福別問的部落格: Adobe Acrobat的替代方案

Adobe Acrobat的替代方案

下面按照筆者常用的Adobe Acrobat的幾個功能，分別說明如何利用不同的工具來達到這些功能。

合併JPG為一個PDF
Combine（合併PDF檔）
Extract（擷取）
Rotate（旋轉）
Crop（裁切）
Bookmark（書籤）
OCR（文字識別）
Split（分割）
PDF to Text

有很多線上工具也可以達到一樣的效果，例如搜尋pdf combine online，但是有些網站會有限制數量或是大小，例如smallpdf.com一天只能處理兩個檔案，而且有時候檔案太大，上傳就要花很多時間甚至超過限制。

閱讀pdf的部分還是用Adobe Acrobat Reader，畢竟是官方出的，而且是免費的，程式也不大。

假設讀者都懂一些基本的Python了。

大部分都要用到Python的套件PyPDF2，安裝指令為pip install pypdf2

在Windows中，如果出現SyntaxError: (unicode error) 'unicodeescape' codec can't decode bytes in position x-x: truncated \uXXXX escape，可能是因為在字串前面沒有加上r，例如image1 = Image.open(r'c:\users\bfhaha\1.jpg')。

合併JPG為一個PDF

如果只有一個jpg檔案要轉成pdf，可以直接用Chrome開啟該jpg檔案，然後按列印，印表機選擇Save as PDF。
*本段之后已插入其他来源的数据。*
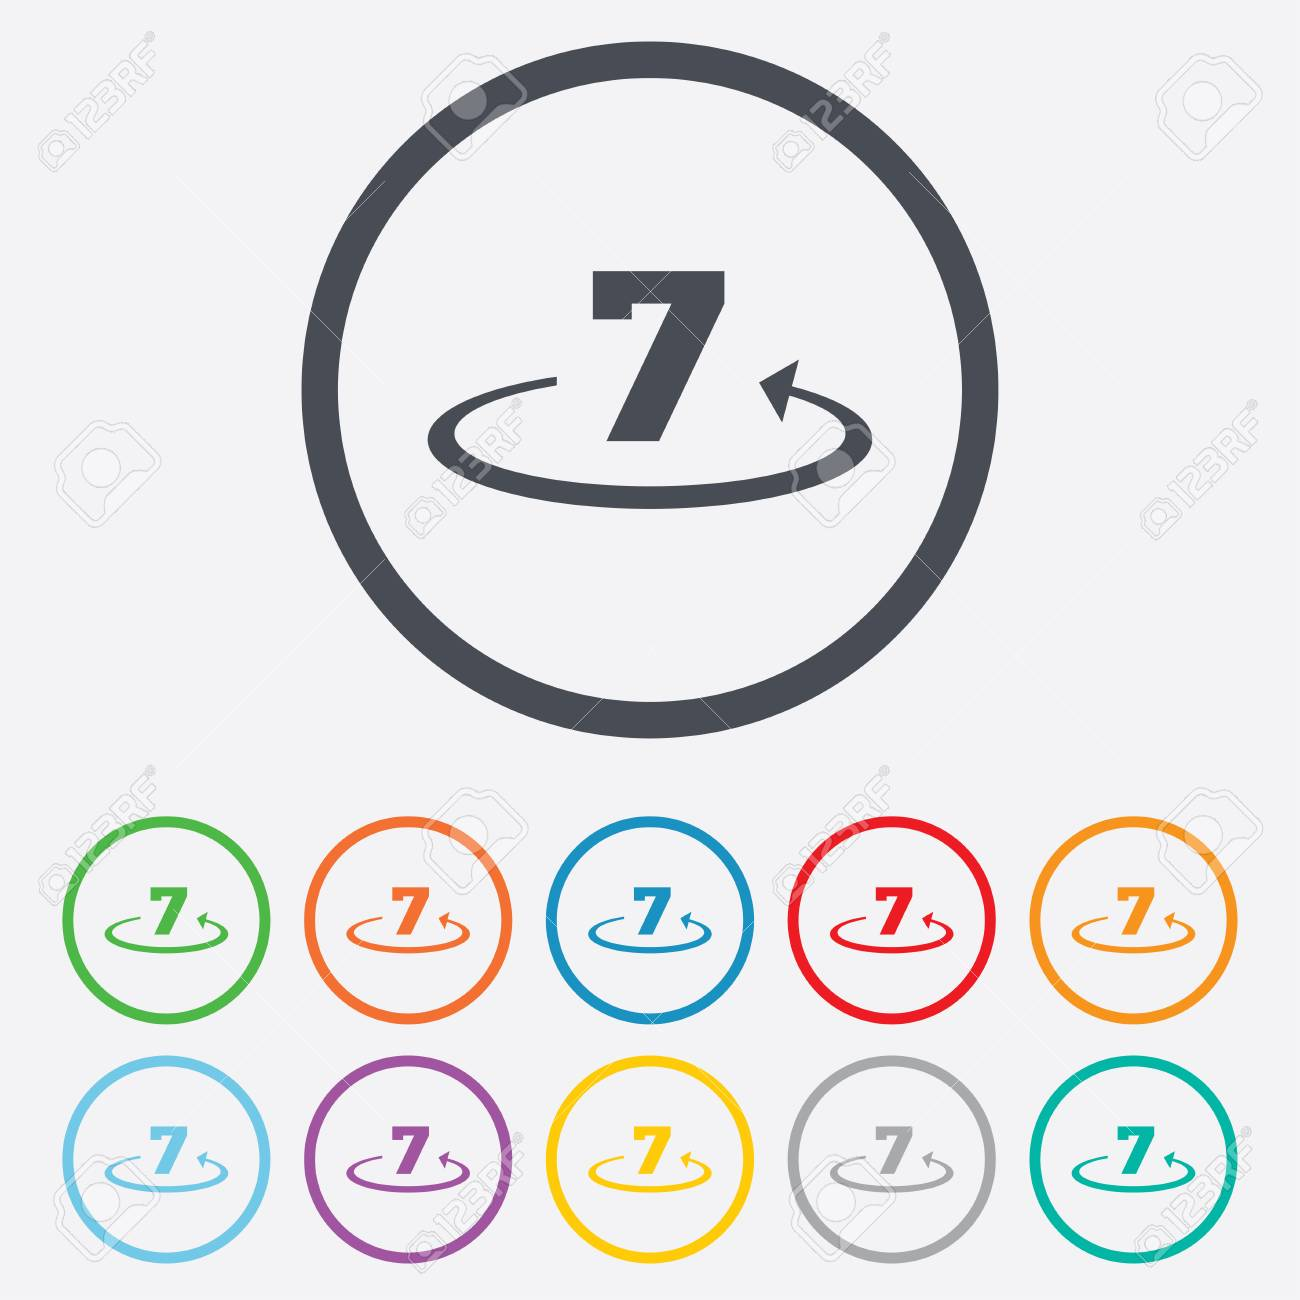 Return Of Goods Within 7 Days Sign Icon Warranty Exchange Symbol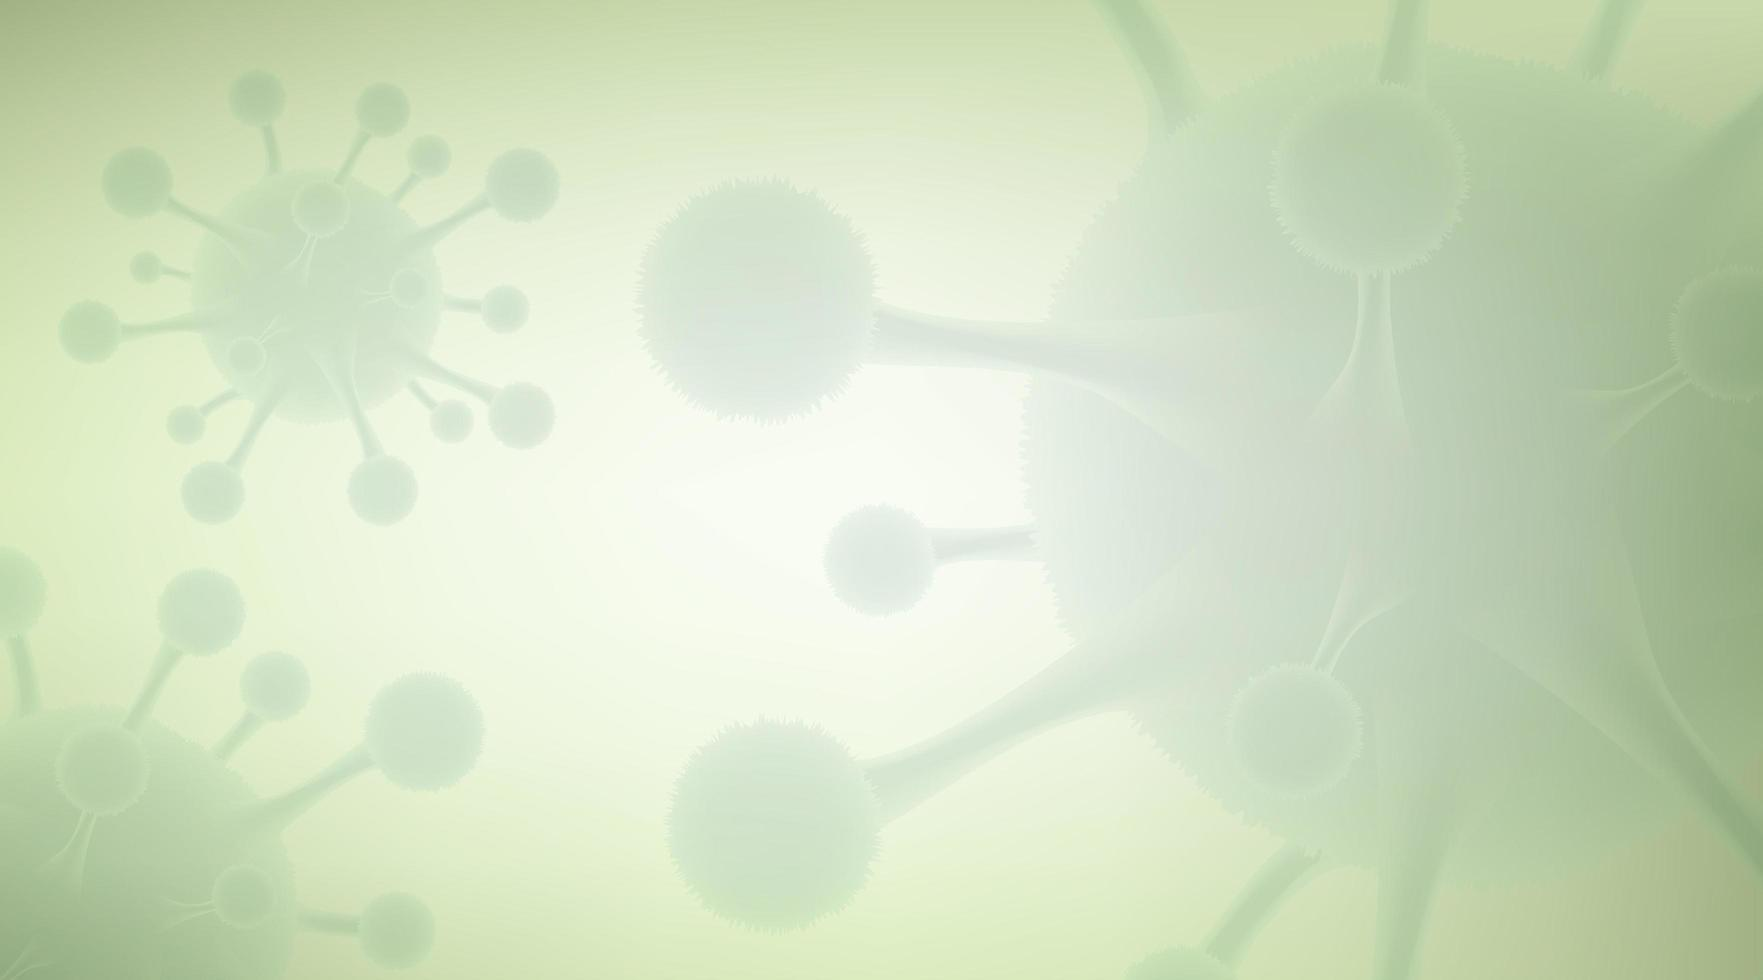 projeto blur coronavirus 2019-ncov vetor

如果jpg檔案不多的話，可以用JPG to PDF這個線上工具來完成。

要先安裝pip install image

參考這裡學到的，利用下面的python程式碼來完成。

這個方法的效果不是很令人滿意，合併後的圖檔會出現一些色彩的斑點，雖然不明顯，但品質比不上線上的工具。

from PIL import Image

image1 = Image.open('1.jpg')
image2 = Image.open('2.jpg')
image3 = Image.open('3.jpg')

im1 = image1.convert('RGB')
im2 = image2.convert('RGB')
im3 = image3.convert('RGB')

imagelist = [im2,im3]

im1.save('result.pdf',save_all=True, append_images=imagelist)

Combine

如果檔案不大的話，可以用Combine PDF這個線上工具來完成。

參考這裡學到的，利用下面的python程式碼來完成。

import PyPDF2 
 
# Open the files that have to be merged one by one
pdf1File = open('FirstInputFile.pdf', 'rb')
pdf2File = open('SecondInputFile.pdf', 'rb')
 
# Read the files that you have opened
pdf1Reader = PyPDF2.PdfFileReader(pdf1File)
pdf2Reader = PyPDF2.PdfFileReader(pdf2File)
 
# Create a new PdfFileWriter object which represents a blank PDF document
pdfWriter = PyPDF2.PdfFileWriter()
 
# Loop through all the pagenumbers for the first document
for pageNum in range(pdf1Reader.numPages):
    pageObj = pdf1Reader.getPage(pageNum)
    pdfWriter.addPage(pageObj)
 
# Loop through all the pagenumbers for the second document
for pageNum in range(pdf2Reader.numPages):
    pageObj = pdf2Reader.getPage(pageNum)
    pdfWriter.addPage(pageObj)
 
# Now that you have copied all the pages in both the documents, write them into the a new document
pdfOutputFile = open('MergedFiles.pdf', 'wb')
pdfWriter.write(pdfOutputFile)
 
# Close all the files - Created as well as opened
pdfOutputFile.close()
pdf1File.close()
pdf2File.close()

Extract

在Chrome中開啟pdf檔案，按下列印，印表機選擇[Save as PDF]，在[Pages]選擇[Custom]，就可以輸入要擷取的頁面範圍。注意，Chrome讀取pdf檔案的速度有點慢，所以建議可以先在Reader中決定要列印的頁數，再到Chrome中輸入，在Chrome中不需要等到左邊預覽畫面完成，就可以輸入擷取的頁面範圍，但也是要等到讀取完成才會跳出另存新檔的對話框。而且注意，Chrome設定列印的頁碼是總頁碼，跟Reader不一樣。

Rotate

參考Automate The Boring Stuff With Python這本書學到的，利用下面的python程式碼來完成。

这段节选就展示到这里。